The aim of this blog is to be a “resource”: pointing out and allowing easier access to the major decisions and documents in relation to fatal accidents.
This post deals with the issue of proving entitlement in “cohabitee” cases. That is cases where a couple were not married or in a civil partnership. Here the test is strict and set out in Section 1(3) of the Fatal Accidents Act 1976. To be a dependent under the Act a claimant must come within the definition. Section 1(3)(b) allows a claim to be brought by:
“(b) any person who –
(i) was living with the deceased in the same household
immediately before the date of the death; and
(ii) had been living with the deceased in the same household for at least two years before that date; and
(iii) was living during the whole of that period as the husband or wife or civil partner of the deceased;”
IMPORTANT CASES
Laurie Smith –v- Secretary of State for Justice [2013] EWCA Civ 193 |
Confirms that Fatal Accident requirement for two years cohabitation is not incompatible with Article
14 and Article 8 of the European Convention on Human Rights.
Kotke –v- Safarani [2005] EWCA Civ 221 |
Deals with eligibility of a couple who had long standing relationship but whose working practices meant they did not live together.
IMPORTANT DOCUMENTS
Law Commission Report on Financial Consequences of Relationship Breakdown
This was produced in 2006. It deals with the problems of cohabitees and outlines the problems and the law. (Most of the recommendations have not been put in place).

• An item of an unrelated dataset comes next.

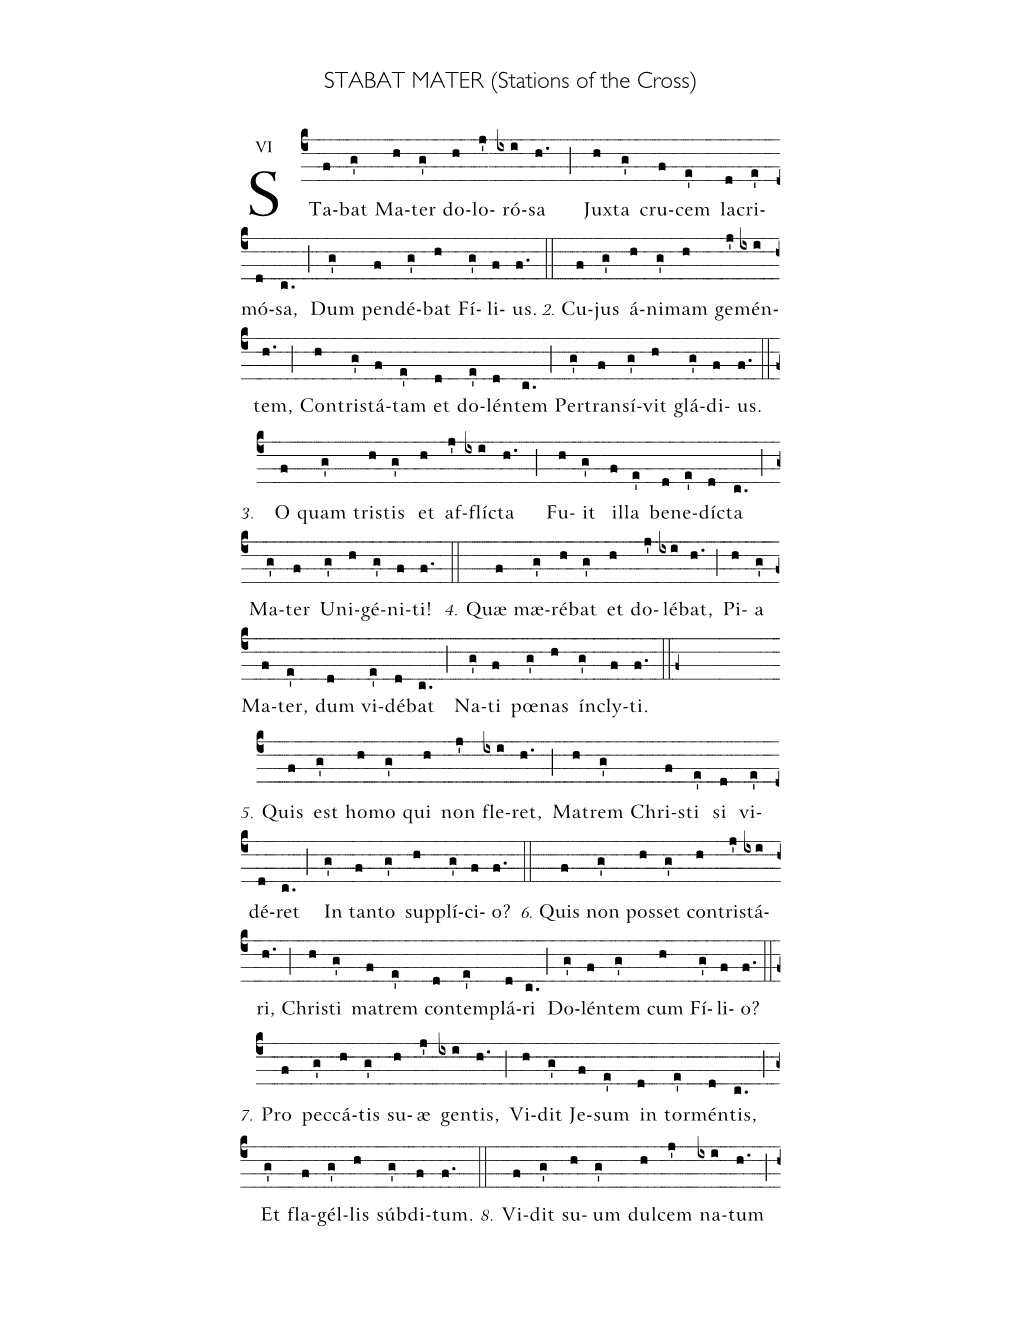 STABAT MATER, Simple Tone for the Stations of the Cross

Law Commission Report on Claims for Wrongful Death
http://www.bailii.org/ew/other/EWLC/1999/263.html#para6_21
This report was produced in 2009. Again many of the proposals have not been introduced. Note that same sex “cohabitees” can now bring a claim, https://fatalaccidentlaw.wordpress.com/2013/07/24/fatal-accidents-and-the-marriage-same-sex-couples-act-2013/ . The section on cohabitants is below.
(c) Cohabitants
6.21 In the consultation paper we expressed the view that the exclusion of cohabitants from the list of those able to recover bereavement damages was contrary to the premise that the damages should be available to those closest to the deceased, and most likely to be aggrieved by their death.[527] However, we also acknowledged the possibility that to open up the availability of bereavement damages to cohabitants is to create a greater likelihood of overcompensation.[528] We suggested that the availability of bereavement damages to cohabitants should turn on the presence of objective indicia of a relationship of permanence and commitment.[529]
6.22 Our view was that appropriate indicia would be that the claimant had cohabited with the deceased in a sexual relationship (whether heterosexual or not) for at least two years immediately prior to the accident.[530] We asked for views as to whether these requirements might be waived if other circumstances demonstrated a sufficient degree of permanence and commitment – for example, where the relationship had produced a child.[531]
6.23 Over 80 per cent of consultees who dealt with this matter were in favour of including cohabitants (whether heterosexual or not) in the class of persons entitled to claim bereavement damages. However, there was divergence on the question as to how the general class of “cohabitants” should be defined. Half of those supporting the inclusion of cohabitants were in favour of the two year qualifying period suggested in the consultation paper,[532] whilst only 17 per cent expressly opposed the application of any qualifying period (some of whom proposed that the class of those entitled to claim should be described more generally).[533]The remainder were in favour of a qualifying period either shorter than two years or of an unspecified duration. In accordance with our position in the consultation paper, consultees seemed to take the view that, while the application of a qualifying period would be arbitrary in its effect, it provided a necessary filter.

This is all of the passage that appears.